The formulation of effective policies for decreasing the burden of uncontrolled hypertension depends on knowledge of the current rate of hypertension control at the population level. Several countries have carried out health examination surveys of nationally representative samples to measure blood pressure and to assess awareness, treatment and control of hypertension in the general population.4–11 In addition, trends in indicators of hypertension management have been reported in Canada,12 England13 and the United States of America14,15 and coverage of effective treatment for hypertension has been studied in the Islamic Republic of Iran11 and Mexico.16,17
Despite the wealth of data available from national health surveys on the management of hypertension in the general population, it is not always possible to compare published results directly because of differences in survey methods and analytical strategies.18,19 Previous studies have reviewed findings from several national surveys on the crude prevalence of hypertension and on awareness, treatment and control of the condition20,21 but the issue of comparability was left unresolved. Although one study analysed microdata from national examination surveys, it covered only countries in Europe and North America.19,22 Another recent study used regression modelling techniques to aggregate data and improve comparability.2 However, awareness, treatment and control of hypertension were not analysed. Thus, comparative information – as is already available for diabetes and hypercholesterolaemia – is needed to benchmark and compare how health systems perform in controlling hypertension.23,24
Our aim was to provide comparable, comprehensive and consistent evidence on the management of hypertension internationally by analysing data from health surveys in 20 countries that included blood pressure measurement.

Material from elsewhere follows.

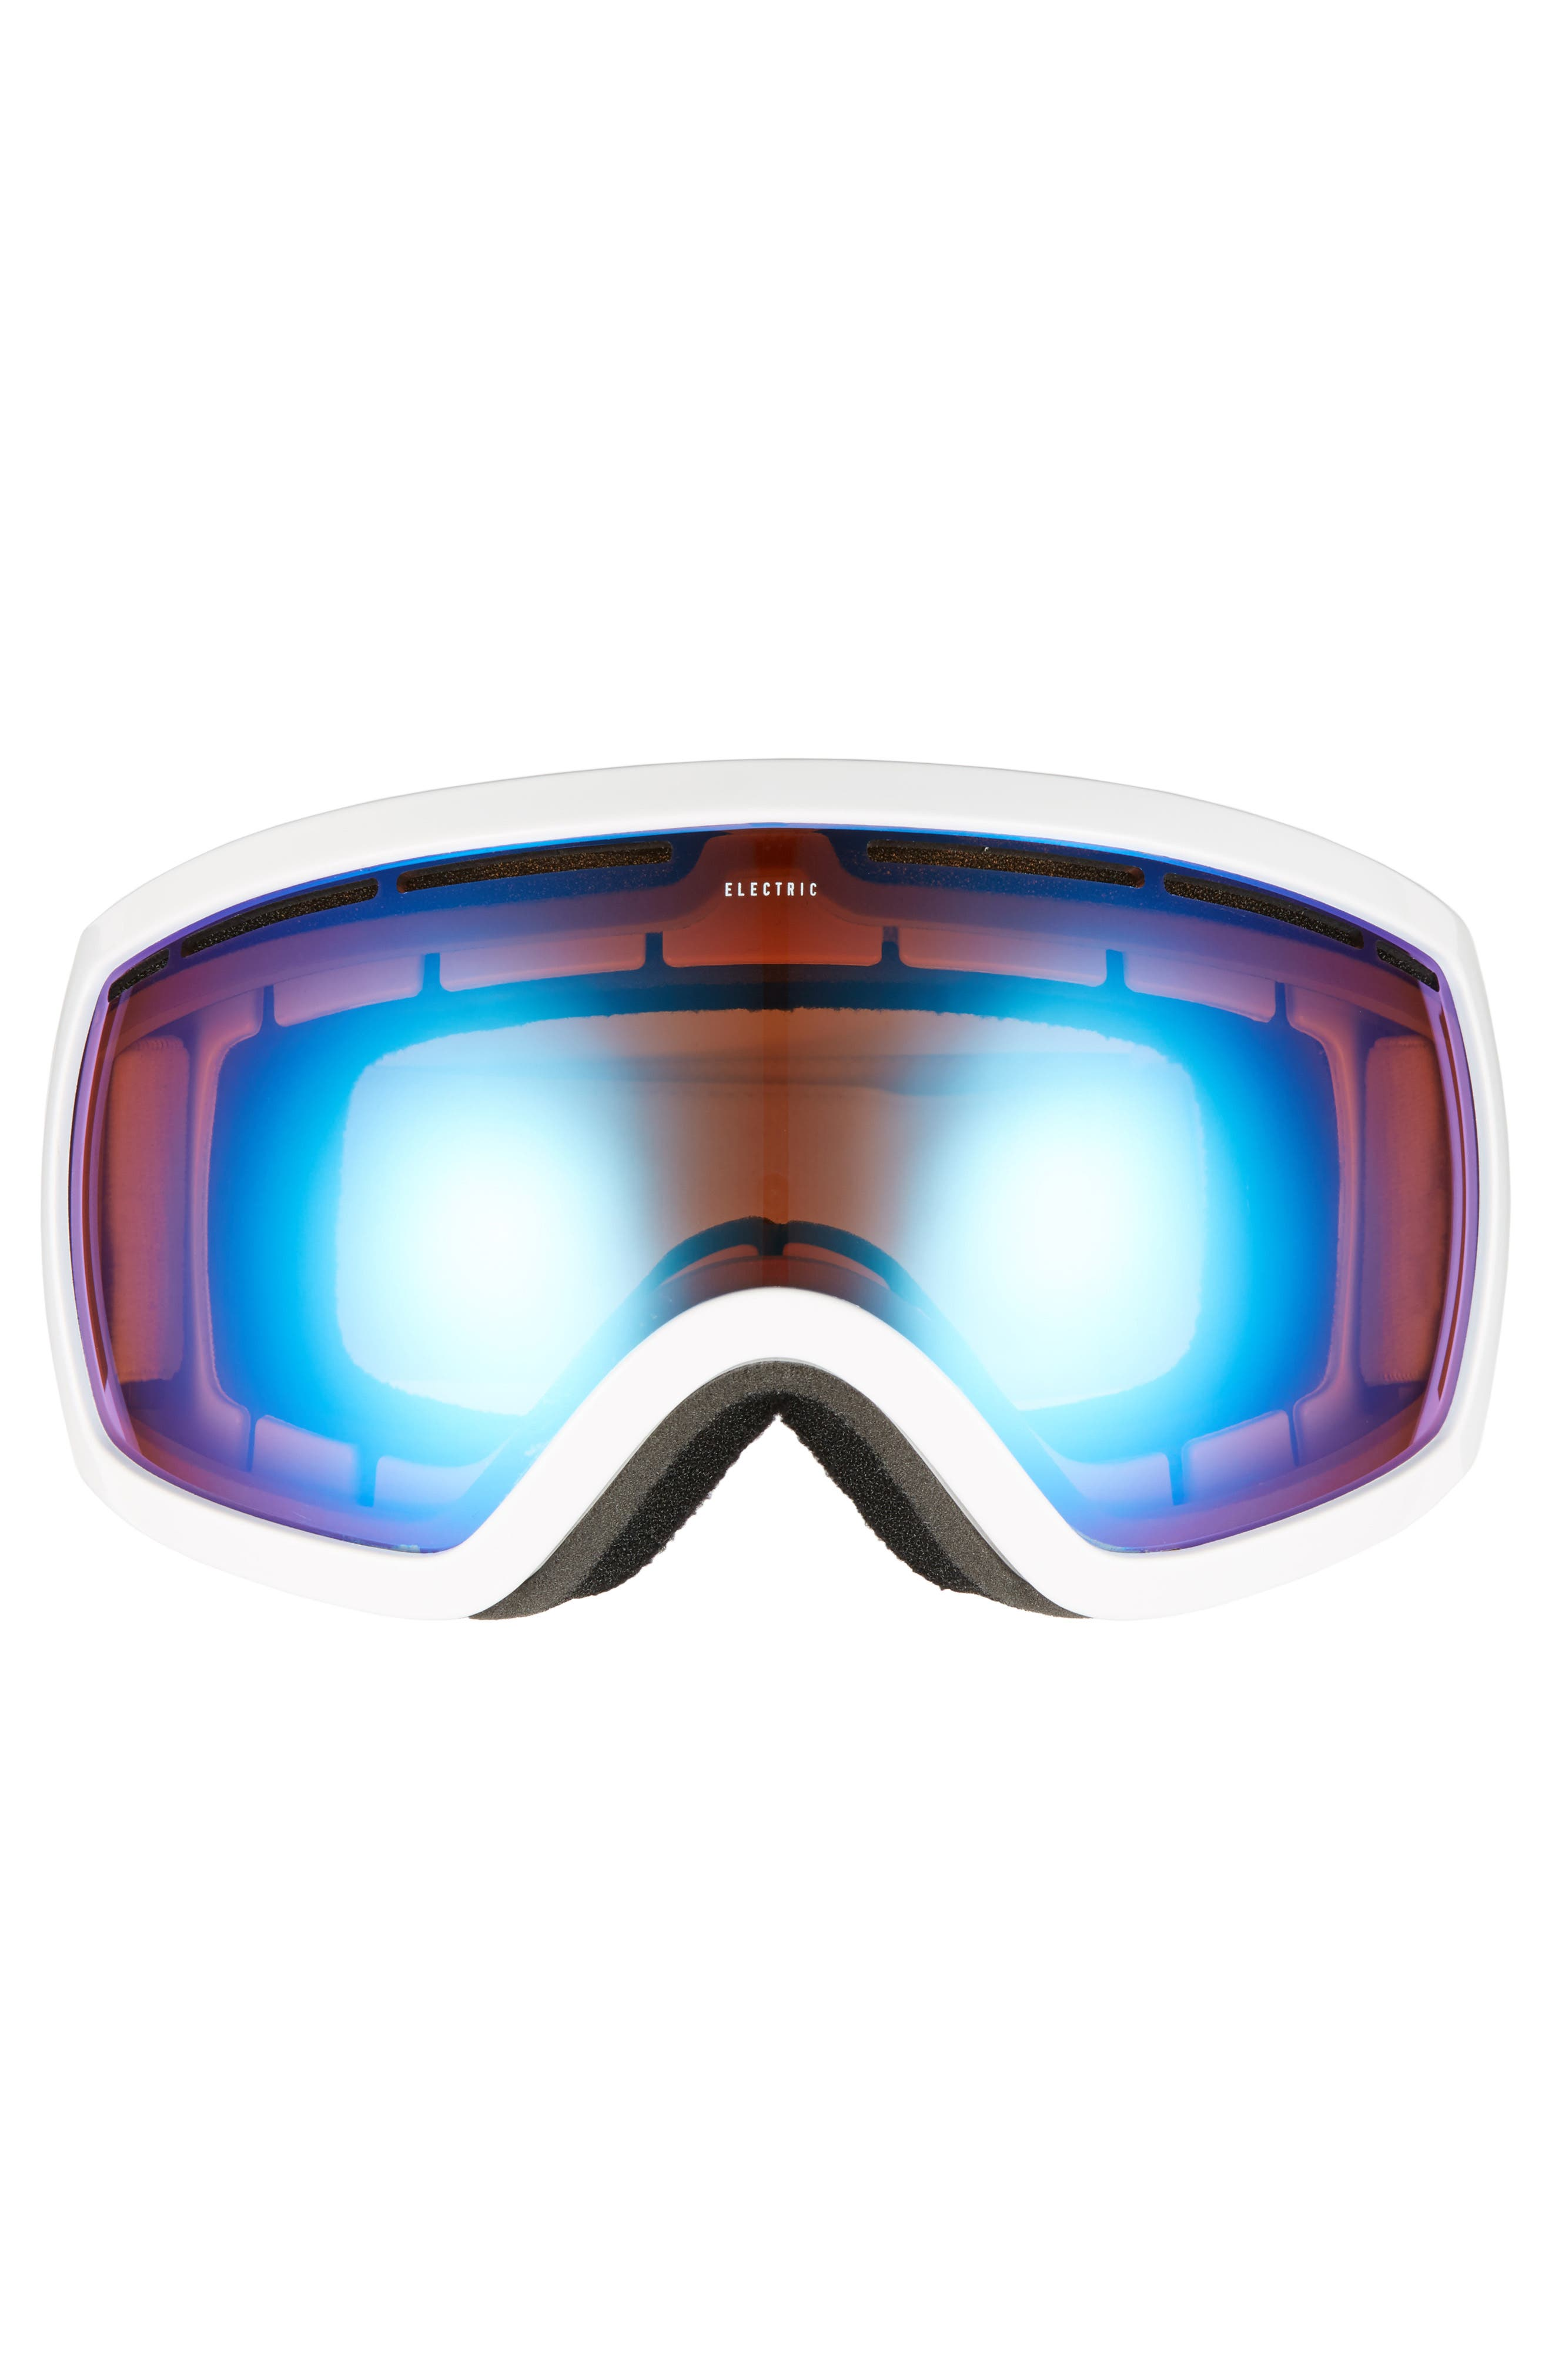 EG2.5 Snow Goggles,                             Alternate thumbnail 14, color,

Two investigators obtained information on national health examination surveys by systematically searching: (i) published research papers using Medline and Google Scholar; and (ii) health survey databases, such as the Global InfoBase of the World Health Organization (WHO)25 and the STEPwise approach to Surveillance (STEPS) database,26 the European Health Interview and Health Examination Surveys database,27 the Demographic and Health Survey database28 and databases on other web sites identified during the search process. The keywords used were blood pressure, high blood pressure, hypertension, prevalence, treatment, control and national health survey as well as country names. Articles and survey reports were reviewed to determine whether they: (i) involved a random sample of adults in a whole country; (ii) included both sexes; (iii) contained data on blood pressure measurements; and (iv) contained data on the diagnosis of hypertension and on the use of antihypertensive medications.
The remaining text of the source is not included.